The dream is always the same, though I don’t know it’s a dream until I wake up.
I’m in a crowded café-slash-bookstore. A used bookstore. I think it’s actually the Cronos Café , for those of you familiar with Thunder Bay. Except that it’s not Cronos in my dream.
Anyway, there are people there, and somehow I sense they are there for me, though at that particular moment, I don’t know why. Then one of them – a woman, elegant and modern in an 80s way, vaguely familiar (hell, everyone in Thunder Bay looks vaguely familiar) – moves up from the crowd and we turn and stare and they get up on some sort of stage with a podium, which I didn’t notice until that exact moment. People smile at me. I am wearing a woollen scarf and a woollen coat, and I think I look cool. There is a chill running up my leg from the door.
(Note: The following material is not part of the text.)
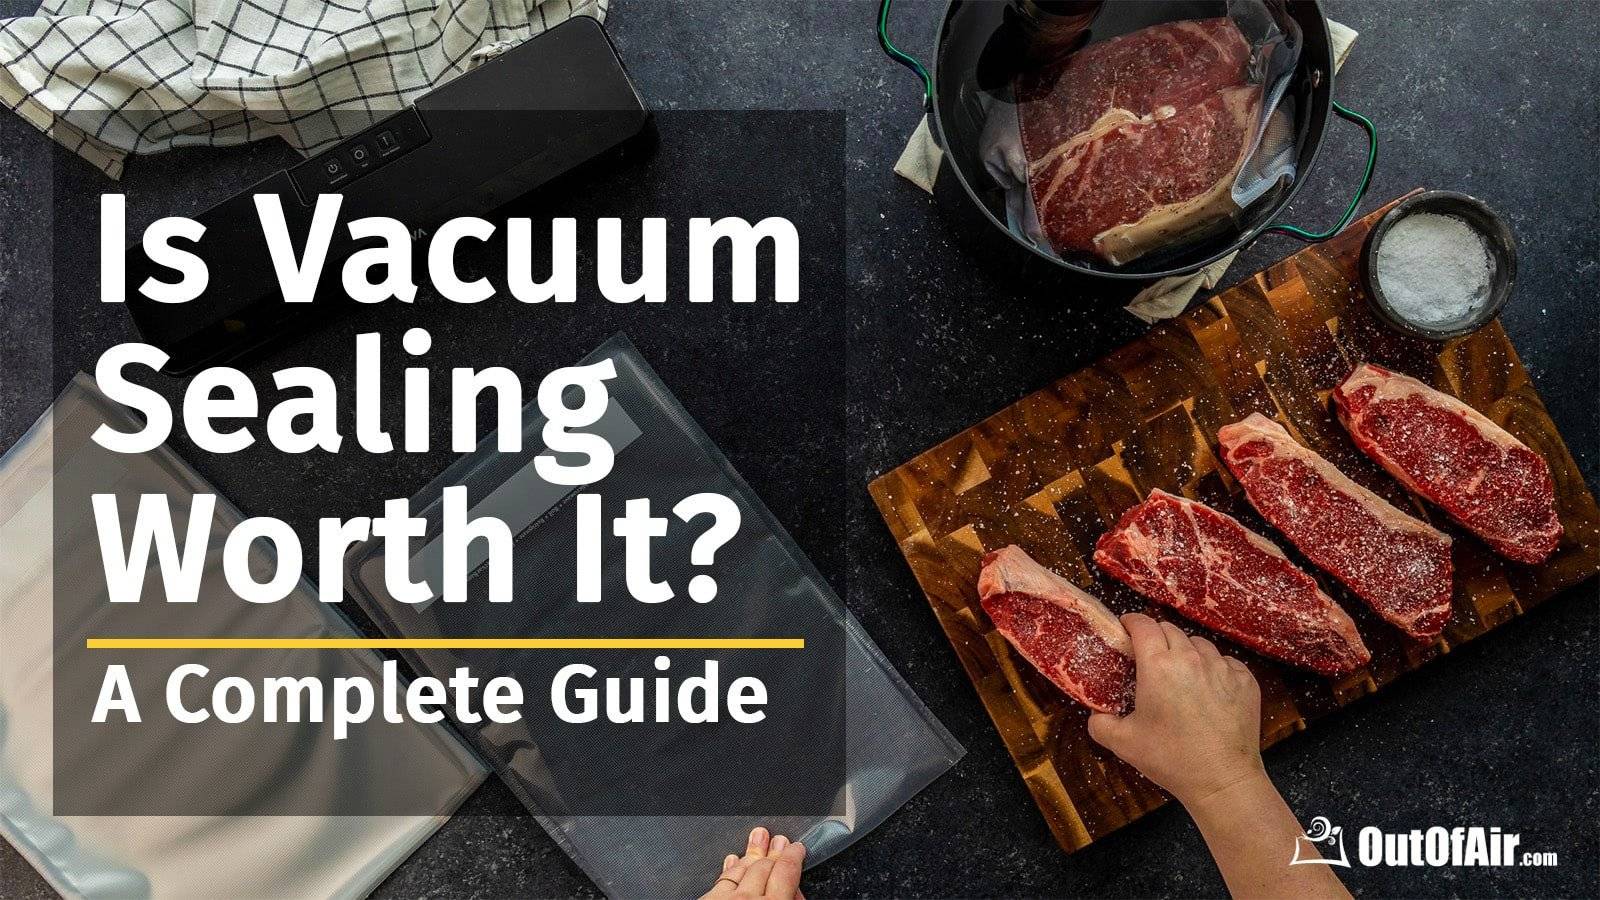 Is Vacuum Sealing Worth It? A Complete Guide

The woman at the podium opens a book and starts reading a passage. I never recognize – or even remember – the words when I wake up, but at the time I know that these are my words from my first novel, just published. The crowd is hushed. At first, the silence is in anticipation, but then it seems in my woollying mind to be more in embarrassment. The woman keeps reading, oblivious to the fact, just as she’s un-self-aware of her own retro-happening hair, makeup, and clothes (though I think she looks nice, even if she’s trying too hard…)
Finally, the words come to an end and get sucked into the void of silence. Someone starts to clap, and then stops, awkwardly. Then someone else says, “We waited two and a half years for that?”
I laugh nervously. At first. I can’t shake the feeling that I’ve just wasted everyone’s time. Maybe I’ve wasted my own time. I sink into myself, sort of that tunnel-vision thing as you fall away from the world, at least mentally because your mind is going to snap if it stays conscious for a second longer.
Then I just laugh, and laugh, and laugh. I walk up to the stage, grab the book from the model’s hand, and start reading myself. Not the quiet, introverted words I would normally have. I turn those syllables inside out, so they’re big and booming and thunder against the glass of the café. I belt it out, almost comically and bombastically (honestly, that’s where my mindset is centred, just to get through this damn thing), but I pull it back just a titch so that it is meaningful, soulful, alive.
And then I finish the reading, and there is silence again. But good silence. Followed by grandiose, crashing applause.
And then I wake up. And I wonder if there resides in anyone in the whole wide world but writers the ability to hold both extreme delusions of grandeur and profound, debilitating self-doubt at exactly the same moment.